§ **The task**
Without including any images, repeat the data exactly.

§ **Data**
════

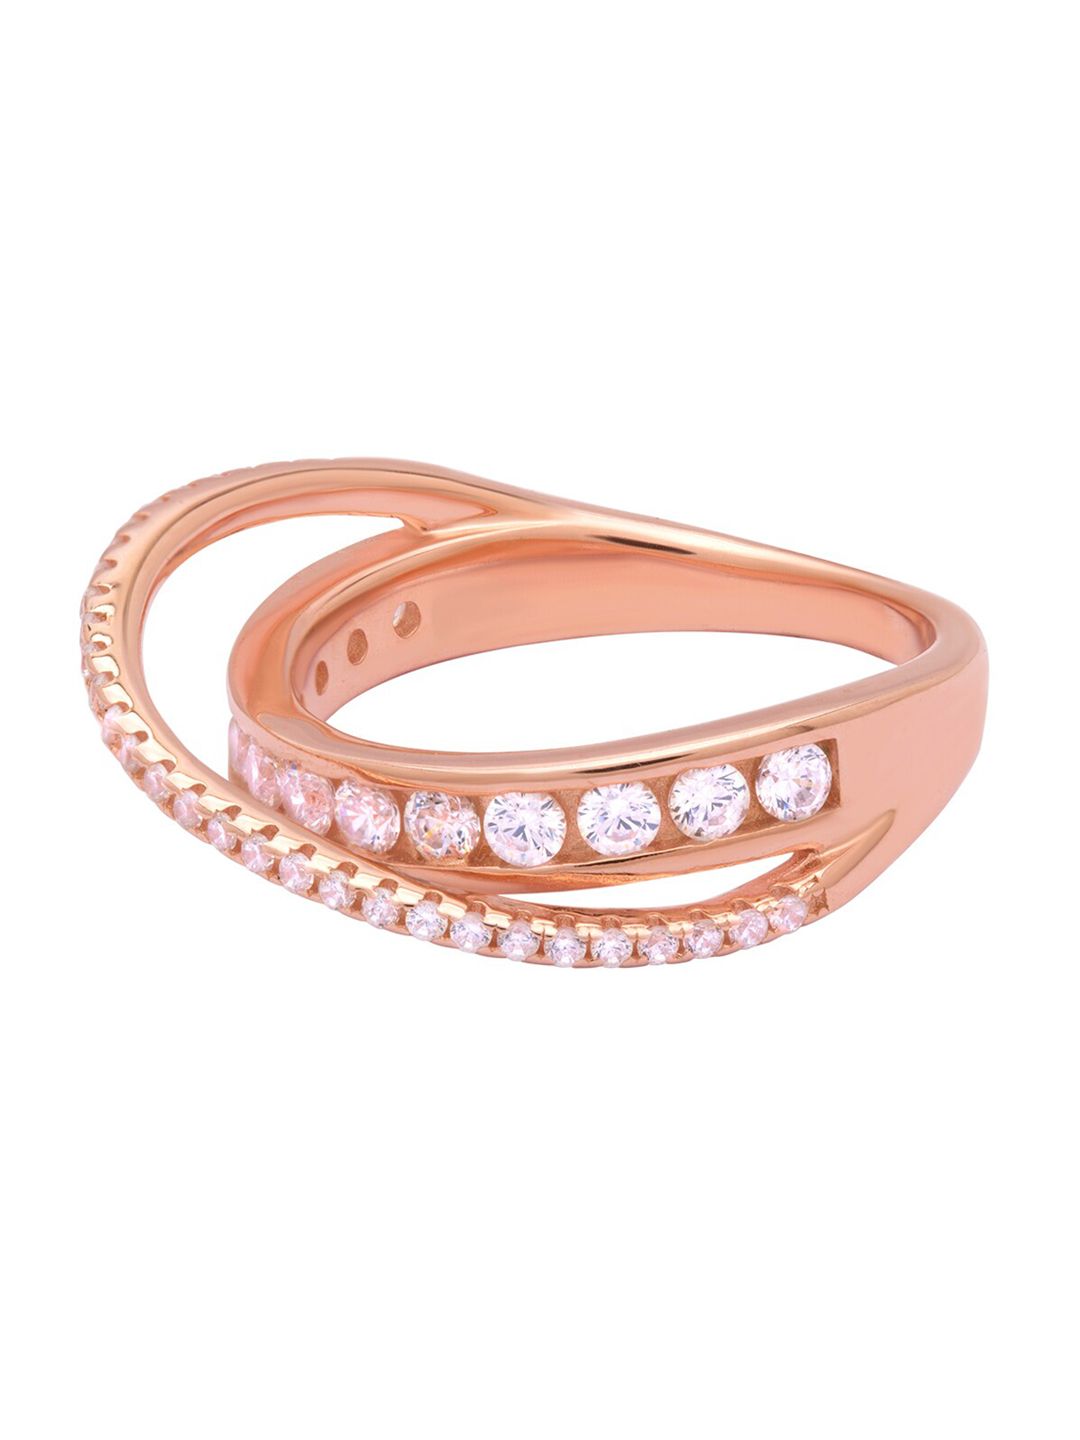 ANAYRA Women White & Rose Gold-Toned 925 Sterling Silver Ring Price in India
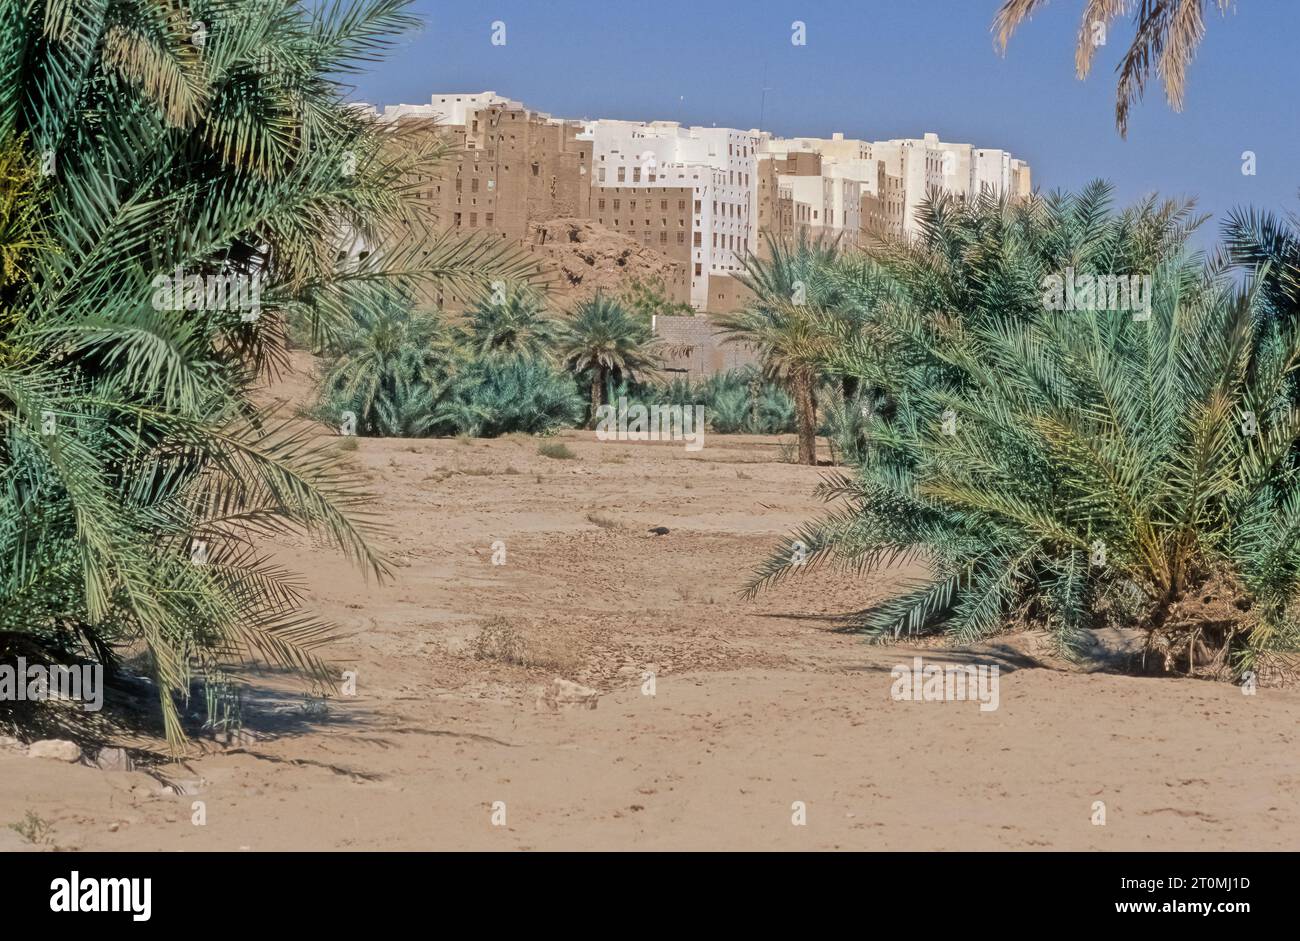 Shibam Hadramawt is a town in Yemen. With about 7,000 inhabitants, it is the seat of the District of Shibam in the Governorate of Hadhramaut. Stock Photo
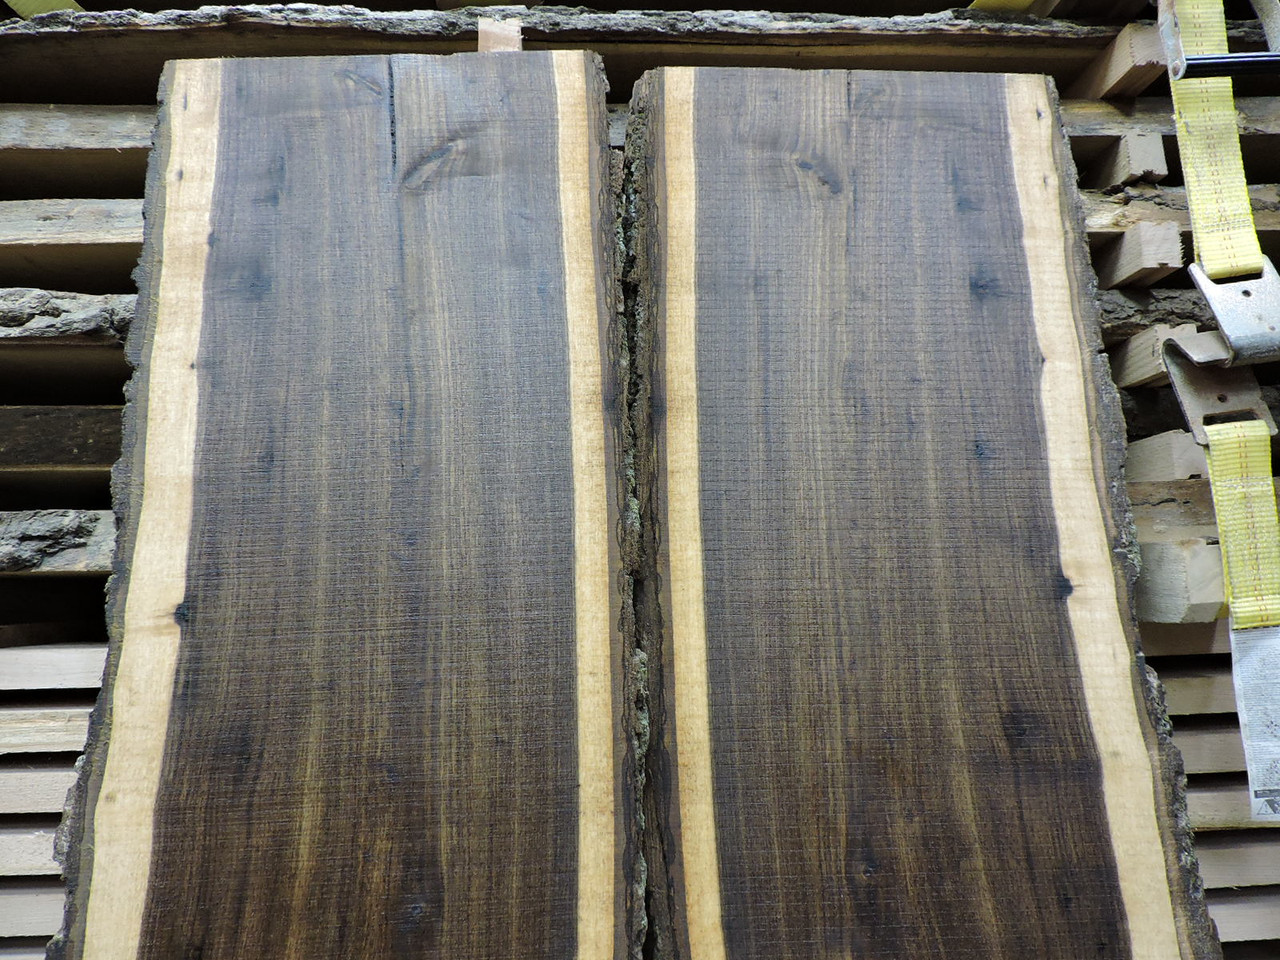 8/4 Bookmatched Curly Walnut Live Edge Slabs - 429 AB
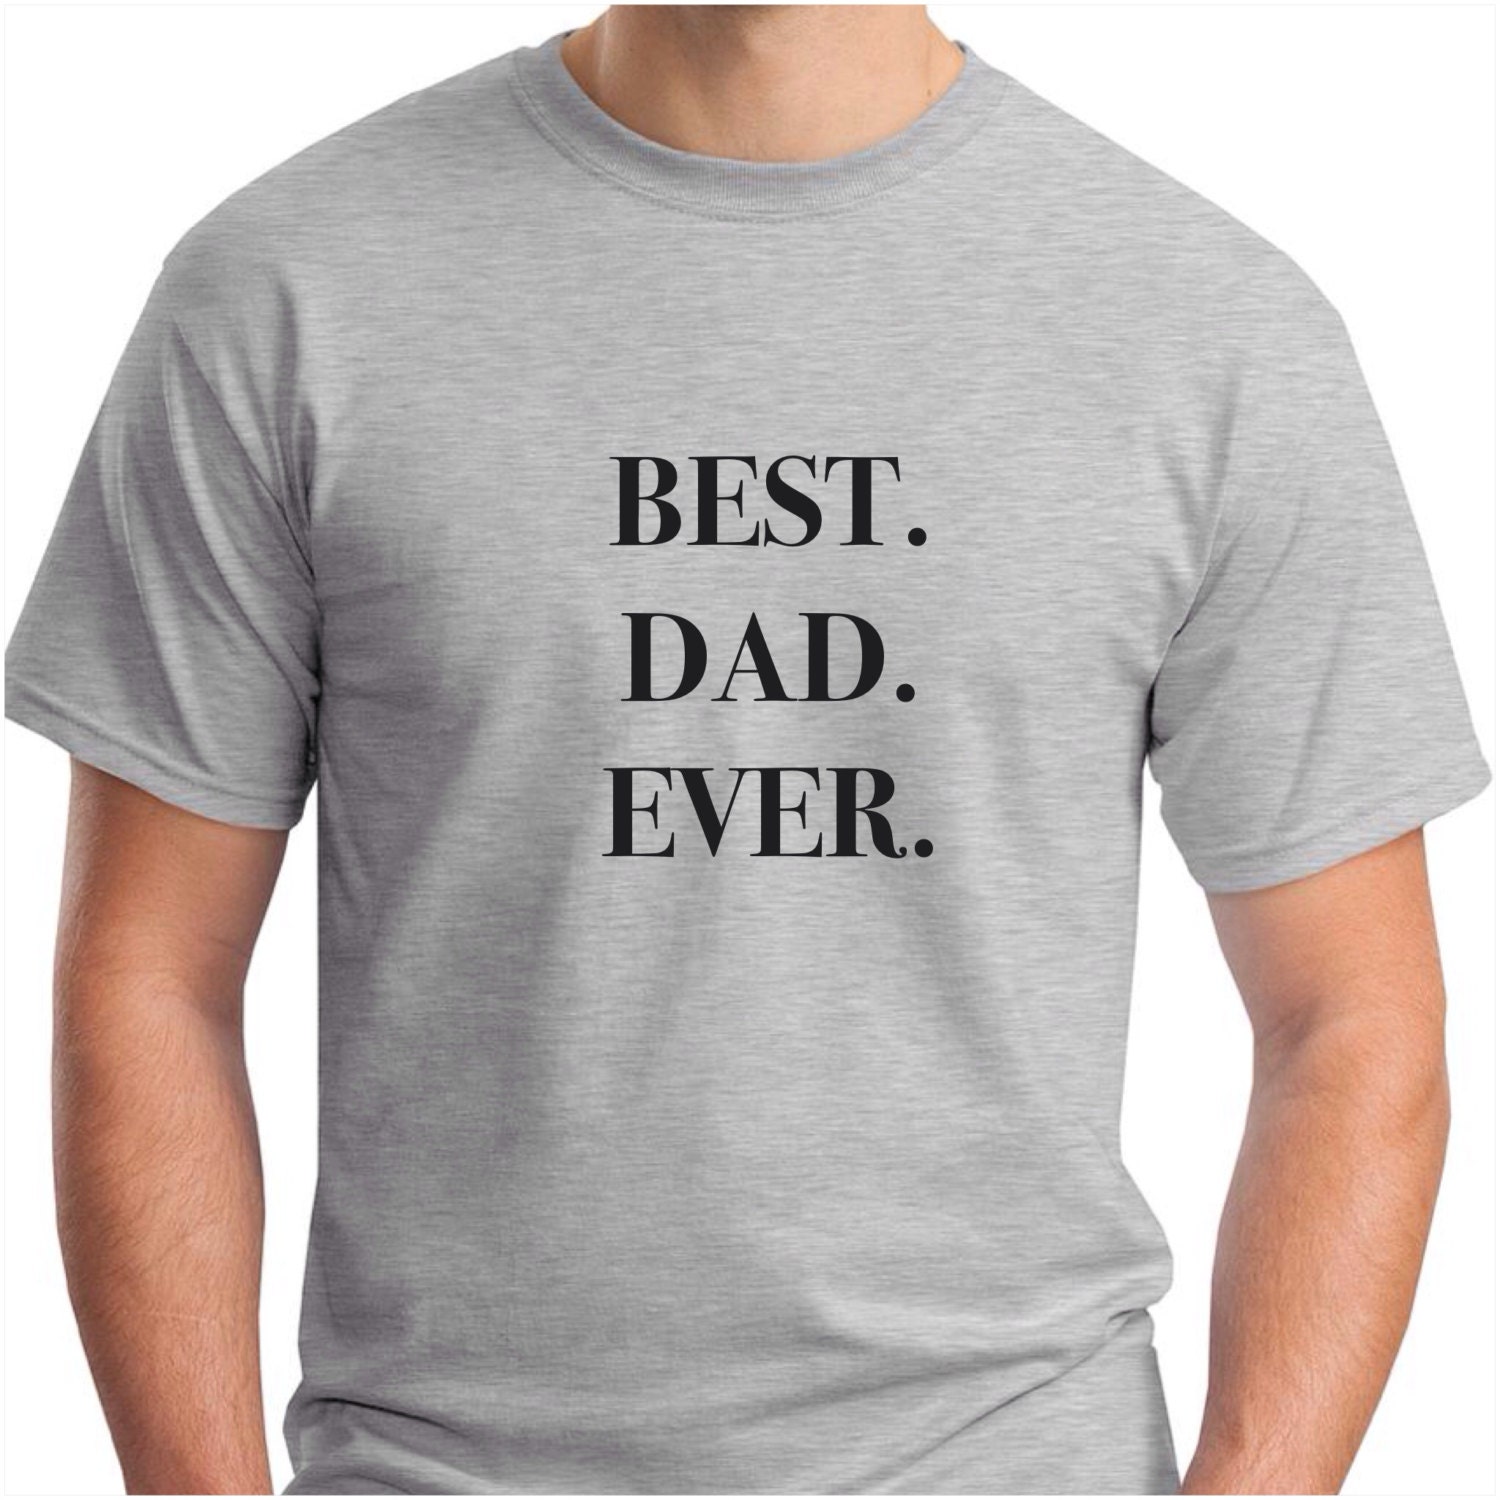 Best Dad Ever Tshirt. Father's Day shirt. Many colors and

════

§ **Solution to this task**
 ANAYRA Women White & Rose Gold-Toned 925 Sterling Silver Ring Price in India
 Shibam Hadramawt is a town in Yemen. With about 7,000 inhabitants, it is the seat of the District of Shibam in the Governorate of Hadhramaut. Stock Photo
 8/4 Bookmatched Curly Walnut Live Edge Slabs - 429 AB
 Best Dad Ever Tshirt. Father's Day shirt. Many colors and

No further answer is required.